Epidural Philosophies
Two philosophies exist regarding epidural analgesia during labor.
One approach is to use epidural analgesia as the preferred method of pain control almost to the exclusion of all other comfort measures. With this approach, mothers often intend to request an epidural early.
By controlling the pain, an epidural also offers an opportunity to preserve a mother’s dignity. Sometimes the prospect of losing control is more frightening than the pain itself. Instead of risking her composure in the work of labor, a mother imagines enjoying the birth of her child in relative comfort. Some women experience this with an epidural. Some do not. Between 5% and 15% of epidurals placed for pain control during labor fail.
This approach avoids any difficult moments trying to explain less well-known methods to hospital staff. It has the added plus of being cutting edge by using modern medical technology to a laboring woman's advantage.
Another approach is to enlist the help of an epidural only after other methods of pain relief are not enough. With this approach, a laboring woman doesn't just grit her teeth and hope for the best. She prepares a variety of other labor coping modalities in advance. To do this she may need to invest in a skilled doula and an independent childbirth education class. In some cases, however, these methods are not enough. For example, labor pain may be associated with such anxiety that it interferes with labor progress. Or the pain so overwhelms a laboring woman that she is unable to cope with the work of labor. In these cases, an epidural can reduce anxiety or allow her to regather her strength. Sometimes painful procedures are needed during childbirth. An epidural allows her to be awake and alert during procedures such as a cesarean.
No matter which philosophy a woman subscribes to, epidurals come with side effects that can alter the course of labor. By using an epidural, a laboring woman gains some control over pain and over her own behavior in exchange for the loss of some control over her labor, her body, and her baby.
How Pain Signals Travel
During
labor, pain signals travel up the spinal cord to the brain. Non-painful
sensations about the cervix, uterus, and baby also travel up the spinal
cord. The mother’s own expectations and endorphins adjust these
signals. Based on all the information received, conscious and
unconscious messages are sent back down to tell the body what to do. These nerves lie bundled together in the spinal cord surrounded by the spinal fluid. The spinal cord and spinal fluid are covered by a membrane called the dura.
Technical Details of Epidurals
Medications
can be used to stop or change pain messages traveling in the spinal
cord. With spinal anesthesia, these medications are placed inside the
dura. With epidural anesthesia, these medications are placed outside
the dura.
Using low levels of medications for epidural anesthesia lets the woman still have some sensation instead of being completely numb. These "walking” or “lite” epidurals are intended to allow the woman to continue to participate while having pain relief.

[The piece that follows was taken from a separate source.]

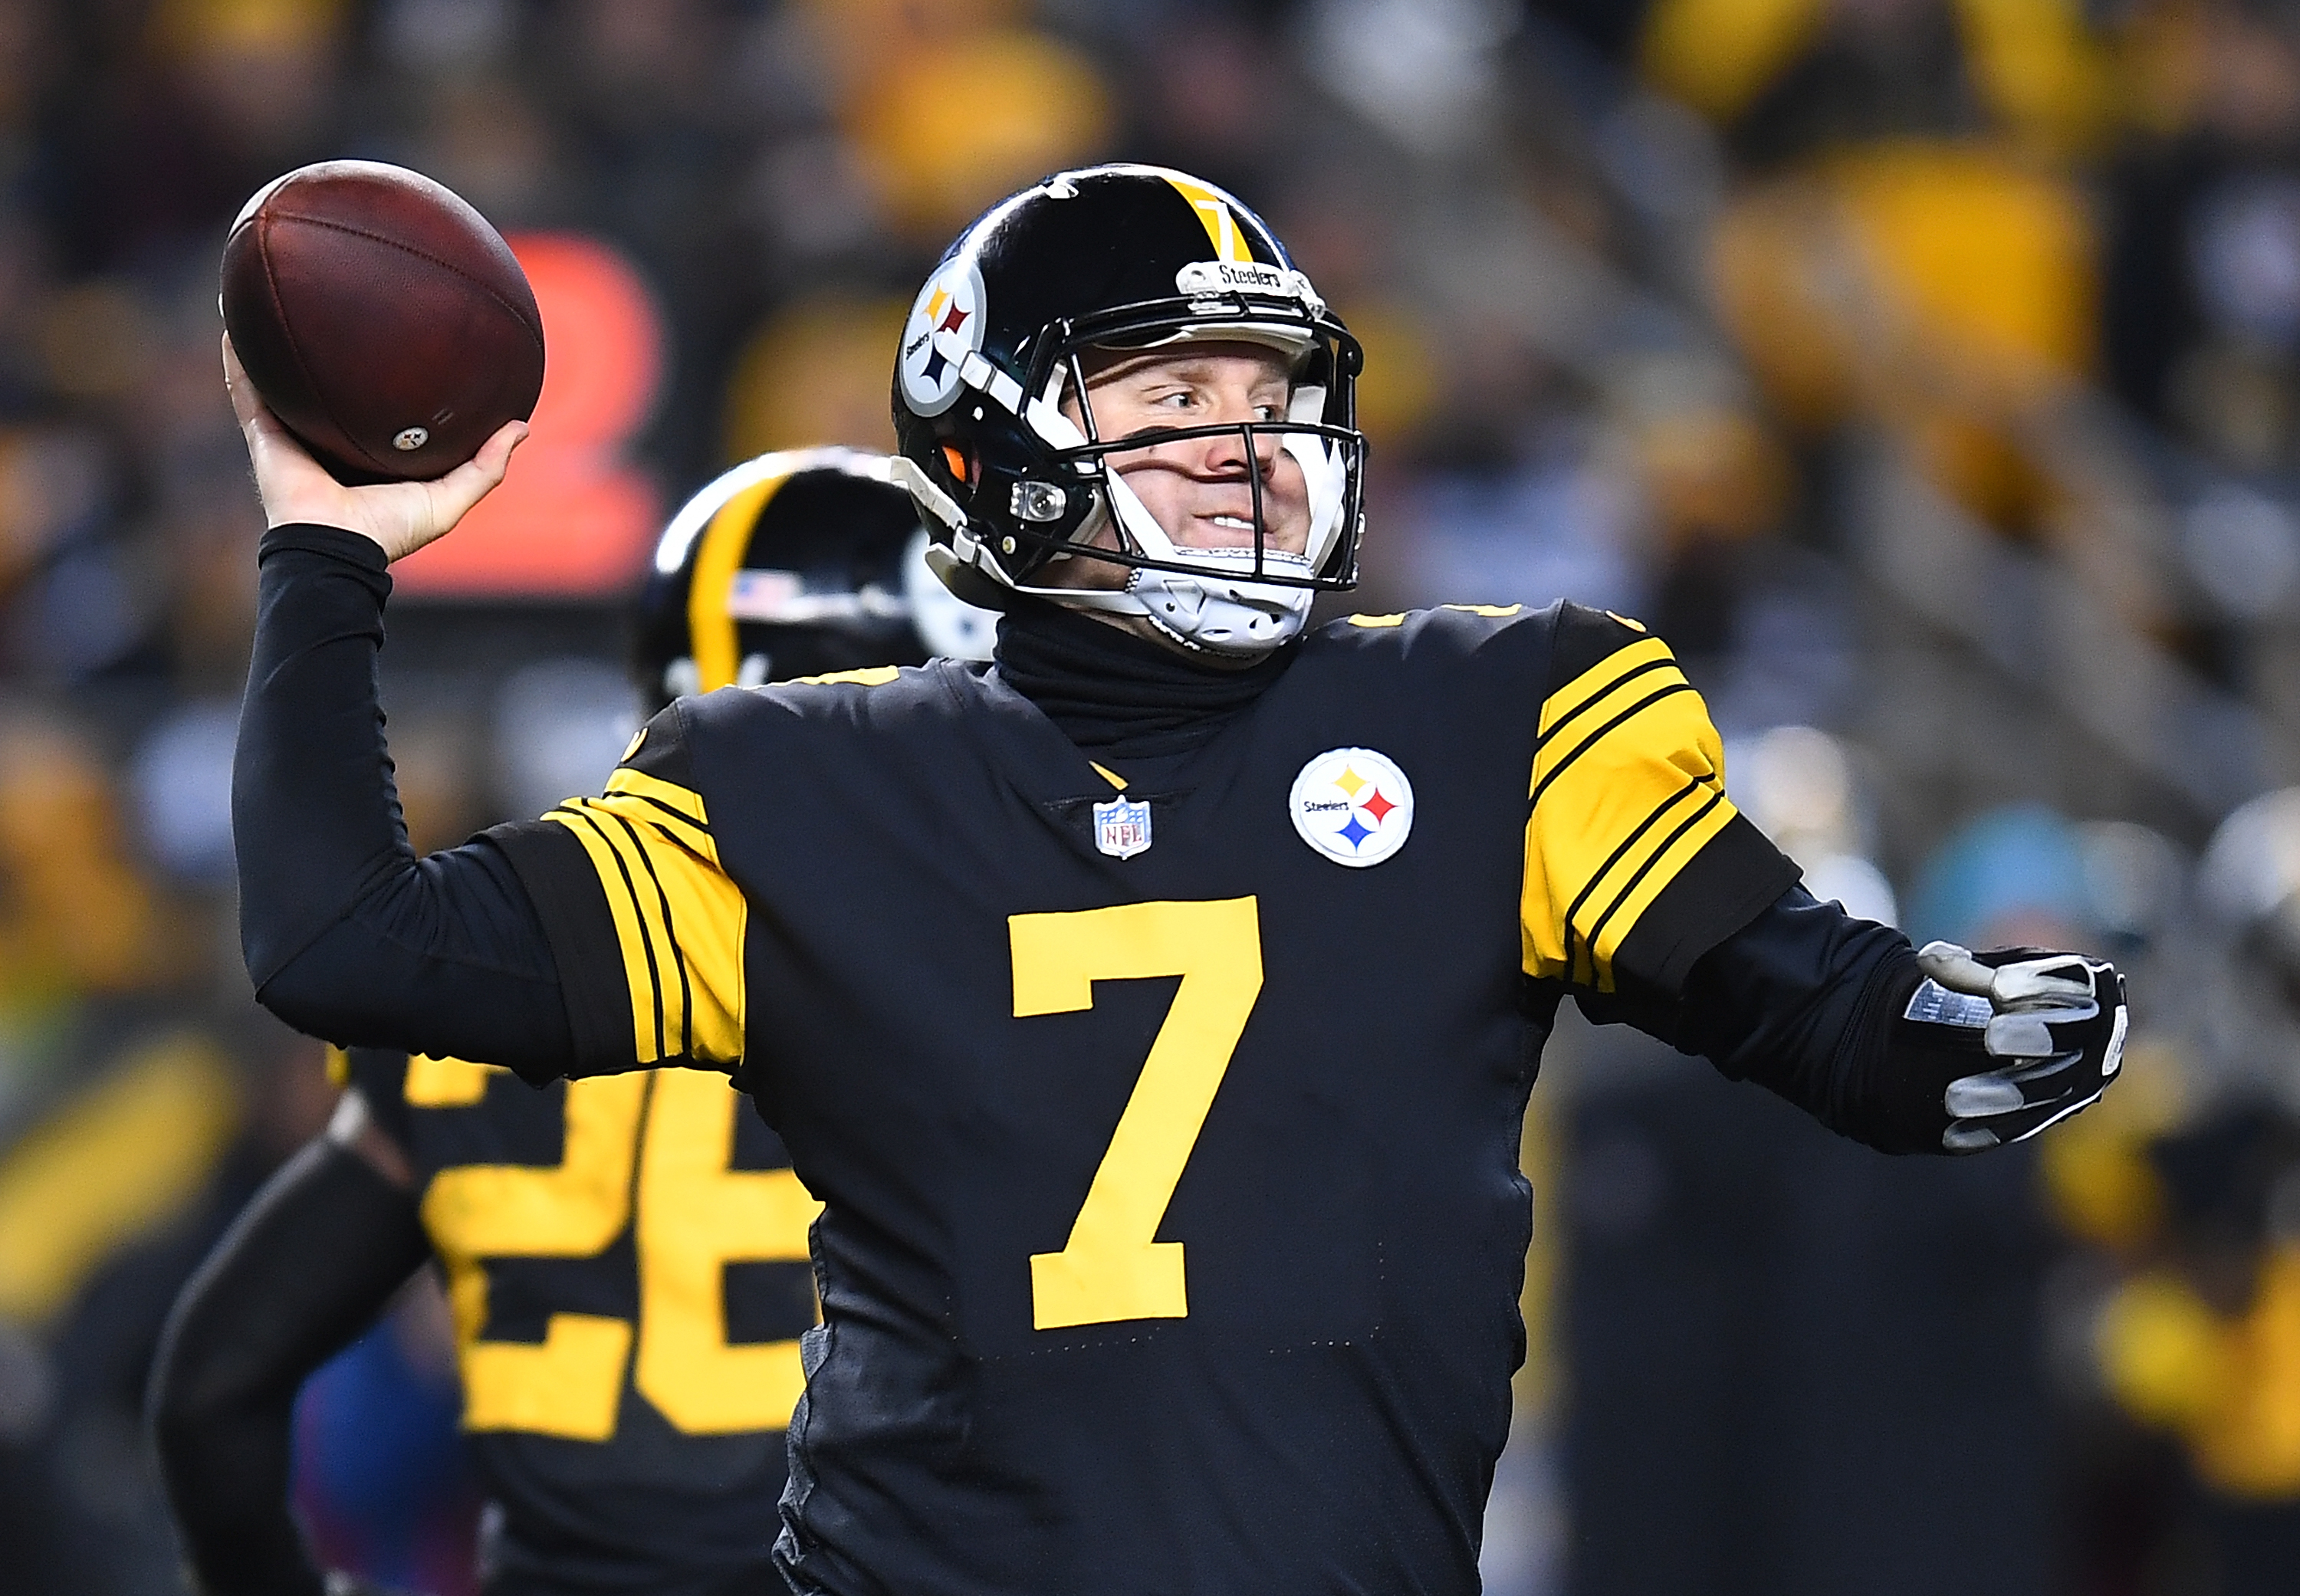 football in with ben roethlisberger

Combined spinal epidural anesthesia uses medications both inside and outside the dura. The anesthesiologist positions a special needle to inject a one-time dose of spinal anesthesia. Then a tiny flexible tube is placed through the needle to provide ongoing epidural anesthesia. The needle is removed, leaving the flexible tube in place. The tube is attached to a bag of medicine that may contain a narcotic like fentanyl or an anesthetic like bupivicaine or both. How fast and how much medicine goes into the tube can be set by either the hospital staff or the laboring woman. This is done by setting up a machine that gives preset doses with a push of a button. Combined spinal epidural anesthesia promises faster pain relief and less weakness than the traditional epidural by itself.